Die Rhetorik von Games
Denn einmal im Spiel implementiert, können diese Parameter auch nicht mehr diskutiert werden. Ein Computerspiel ist immer ein festes System aus Regeln und klar definierten Prozessen, die einer bestimmten Mechanik folgen. Gerade durch diese Form eignen sich Computerspiele besonders gut dafür, Prozesse aus der realen Welt nachzustellen und anschaulich zu machen, so der Spieleforscher Ian Bogost in seinem Aufsatz "Die Rhetorik von Videospielen":
"Videospiele können aussagen über die Welt treffen. Aber wenn sie das tun, tun sie es weniger durch Sprache oder Text, nicht einmal mit Bildern – Videospiele argumentieren durch Prozesse."
Diese für Computerspiele einzigartige Rhetorik nennt Ian Bogost "Prozeduralität" - Hanns Christian Schmidt erklärt:
"Prozeduralität bezeichnet eigentlich die Simulation von bestimmten Abläufen, von bestimmten Prozessen. Und das ist eben etwas, was Spiele ganz besonders gut können, indem sie Spielmechaniken einsetzen."

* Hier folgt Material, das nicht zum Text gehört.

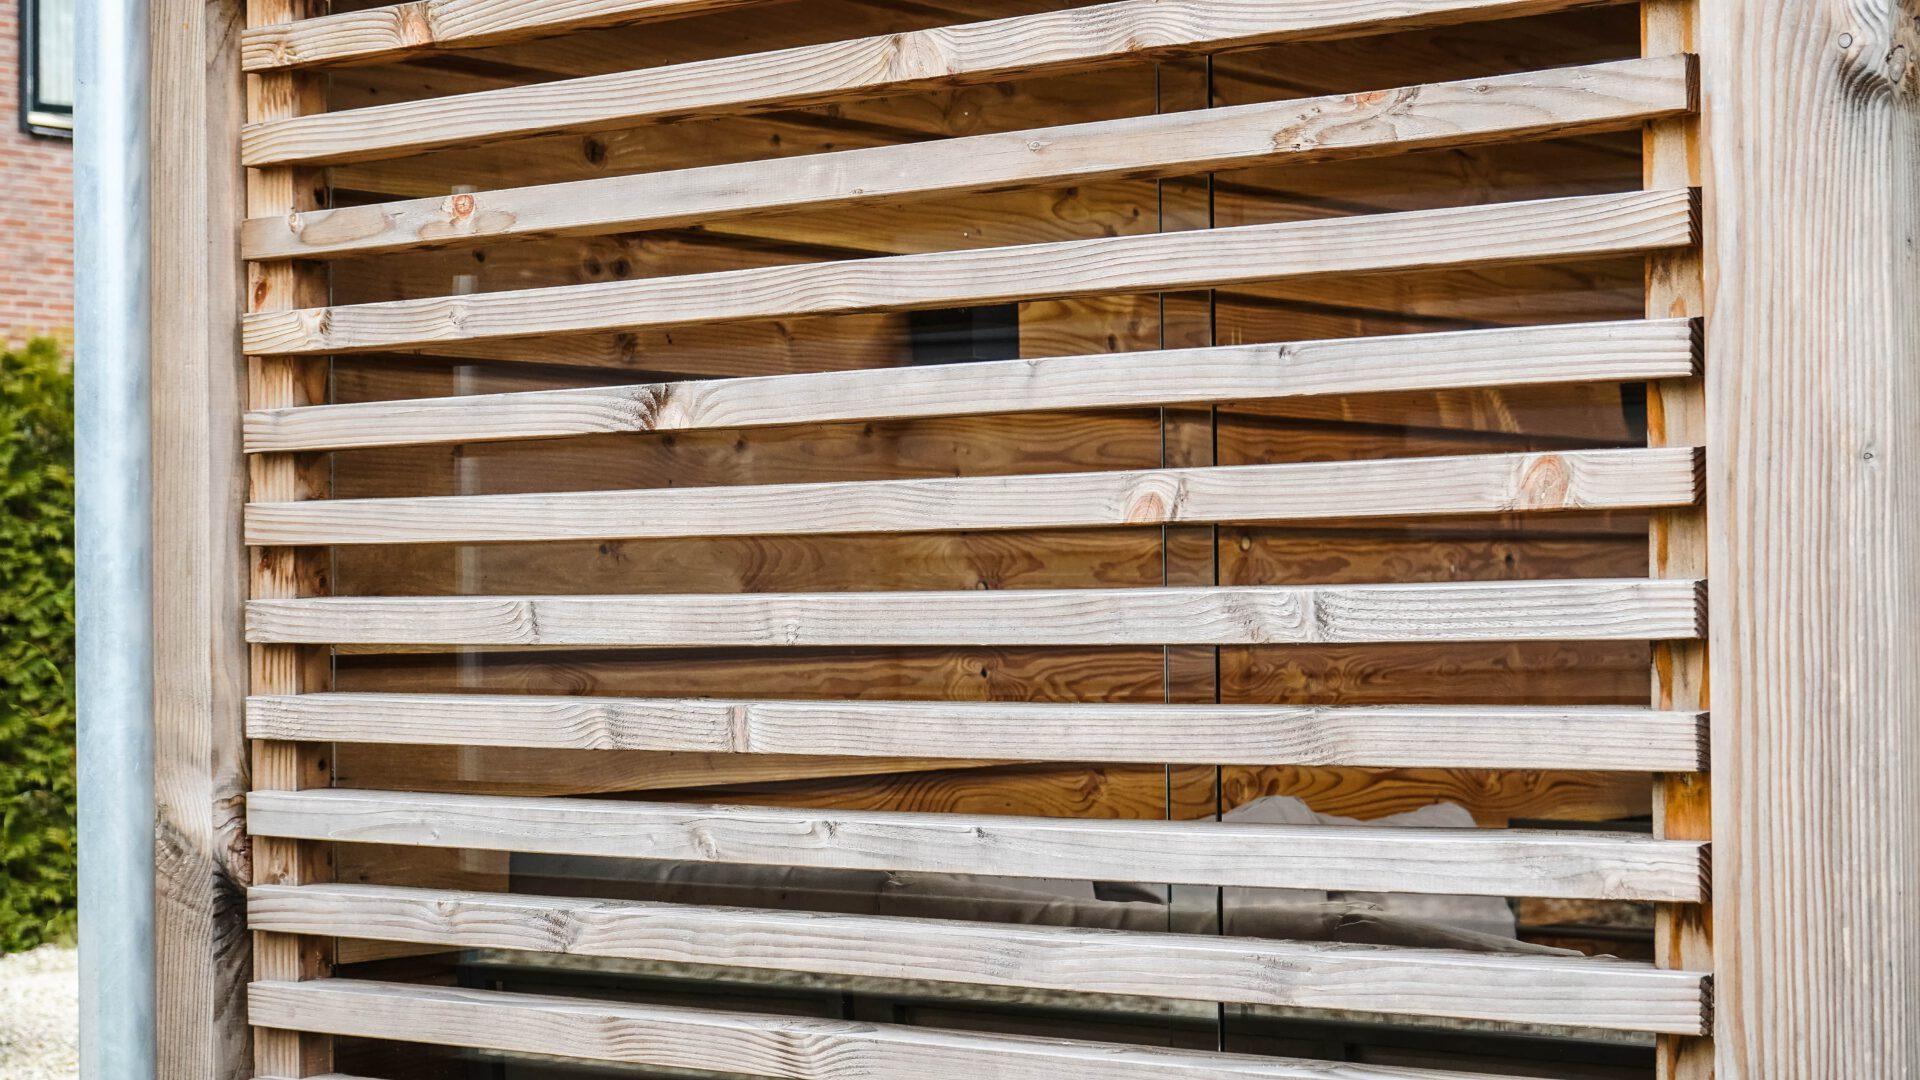 Buitenverblijf-tuinhuis-aanbouw-hout

Diese Spielmechaniken sind das, was die Spieler in Gang setzen, wenn sie Knöpfe drücken. Wenn sie also zum Beispiel in "Democracy 3" einen Regler verschieben, erhöhen wir die Mehrwertsteuer. Allerdings führt das im Spiel nicht nur dazu, dass die Staatskasse klingelt, sondern auch zu wachsender Armut und Unzufriedenheit bei bestimmten Wählergruppen. Denn:
"Indem ein Prozess angestoßen wird, wird meistens eben auch ein anderer Prozess angestoßen. Und so schließt sich eben eine Art Regelkreislauf, so eine Art System wird dadurch in Gang gesetzt", sagt Schmidt.
Spiele durchschauen lernen
Sind Games also schon durch ihre Form pure Propaganda-Maschinen?
"Man kann diesem Ansatz von Ian Bogost durchaus vorwerfen, dass da drinsteckt, dass auf diese Art und Weise politische Ansichten eigentlich nur reproduziert werden und ein spielmechanisches System nur darauf ausgerichtet wird, eine politische Überzeugung an die Spieler zu adressieren."
Damit werde man Ian Bogosts Modell aber nicht gerecht – entscheidend ist nämlich, dass die Spieler innerhalb der vom Spiel gesetzten Parameter und Modelle über Entscheidungsfreiheit verfügen – zumindest in guten Spielen. Die Grenzen dieser digitalen Spielräume können sie durch das Spielen selbst erkunden – damit aus Games aber eben keine Propaganda-Maschinen werden, ist es auch nötig, sie kritisch analysieren zu lernen, wie Ian Bogost schreibt:
"Die Art von Technologiekompetenz, die prozedurale Rhetorik bietet, wird für Kinder und Erwachsene gleichermaßen immer wichtiger. Da sich unsere kulturelle Aufmerksamkeit von linearen Medien wie Büchern und Filmen hin zu prozeduraler Software und Spielen verschiebt, müssen wir bessere Kritiker dieser neuen Medien werden."
Und das gilt gleichermaßen für Gamer, Gamedesigner und Feuilletonisten.